As investors, we are used to rigorously assessing the risks that our portfolio companies face. So why is it that the private equity industry has been slow to address what is now one of the most complex risks that their own organisations are facing - their digital vulnerabilities?

Two years ago, I participated in a private equity oriented cybersecurity panel that addressed just this point. Despite that positive start, it is apparent that the discussion has moved on only slightly. We have seen the wider financial services sector wise up faster, with wholesale and retail banks now spending billions on digital resilience; while law and accountancy firms are no longer the soft targets they once were. Is private equity now the weakest link?

It is an inescapable fact that billions have been lost to cybercrime in the last two years alone.
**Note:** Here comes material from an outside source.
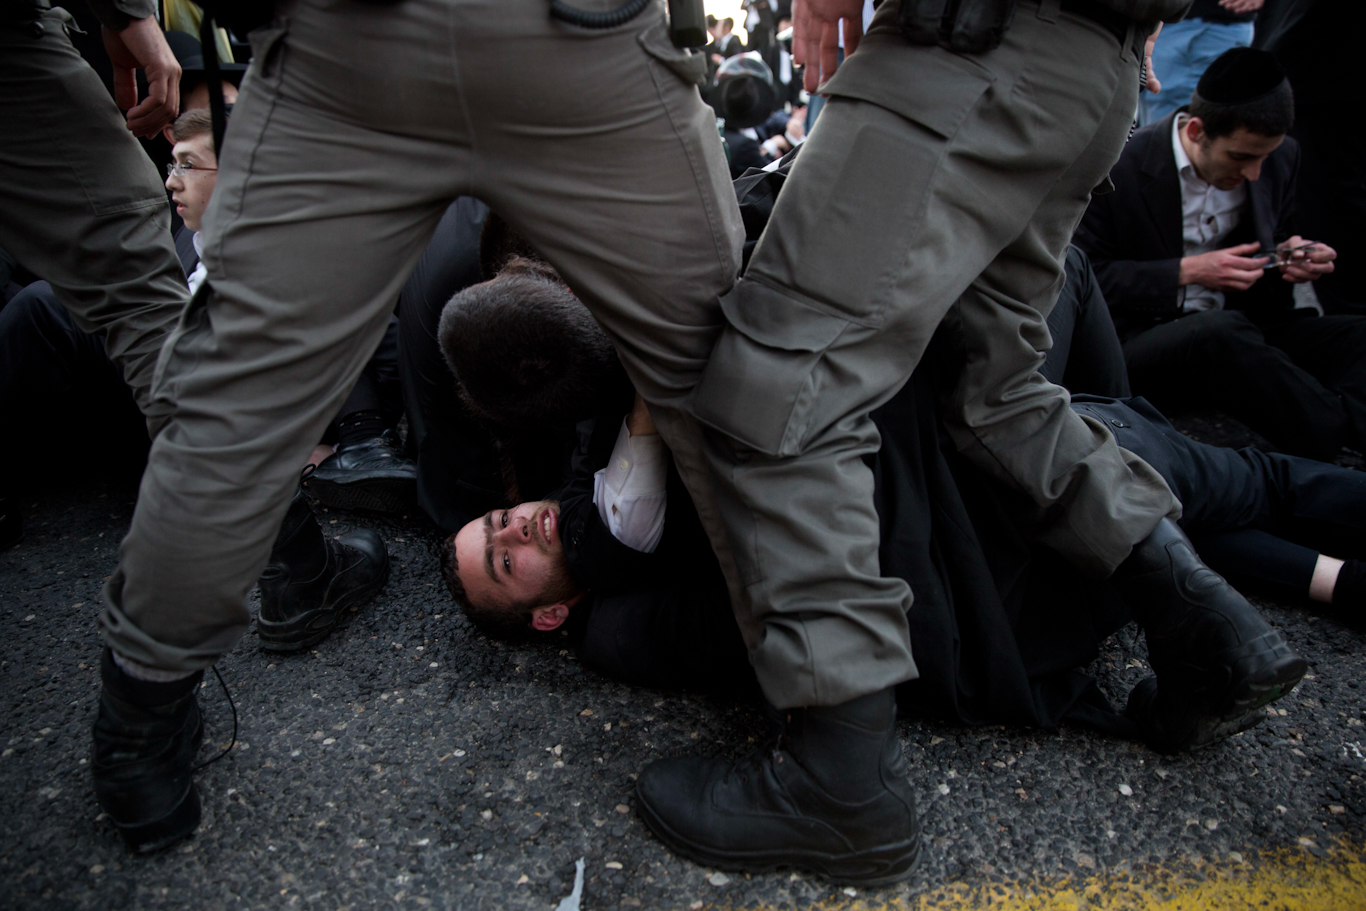 Israeli police clash with ultra-Orthodox men protesting the arrest of a person who refused military service in Bnei Brak, Israel, March 12, 2018. Oded Balilty | AP

Large-scale destructive attacks have jeopardised multi-billion dollar transactions - with examples including Verizon and Yahoo - and influenced political outcomes, such as the US Democratic National Committee.

The [PE] sector is inevitably exposed to sensitive and highly confidential transactional and shareholder data – all of which is vulnerable to intrusion and leak"  Nazo Moosa, Riyad Taqnia Fund

While Europe has not experienced the same level of cyber drama as the US, we have seen major companies such as Talk Talk, Lloyds, GSK and most recently Siemens targeted, often with calamitous consequences. In the UK, crime data from the Office of National Statistics jumped 30% when digital crime was included in its estimates. The European Parliament has taken note, introducing the game-changing general data protection regulation (GDPR), which will hold companies accountable for not having sufficiently robust security and data protection in place - with sanctions as high as 4% of global sales. This legislation includes strict reporting guidelines following a breach and gives victims the right to compensation.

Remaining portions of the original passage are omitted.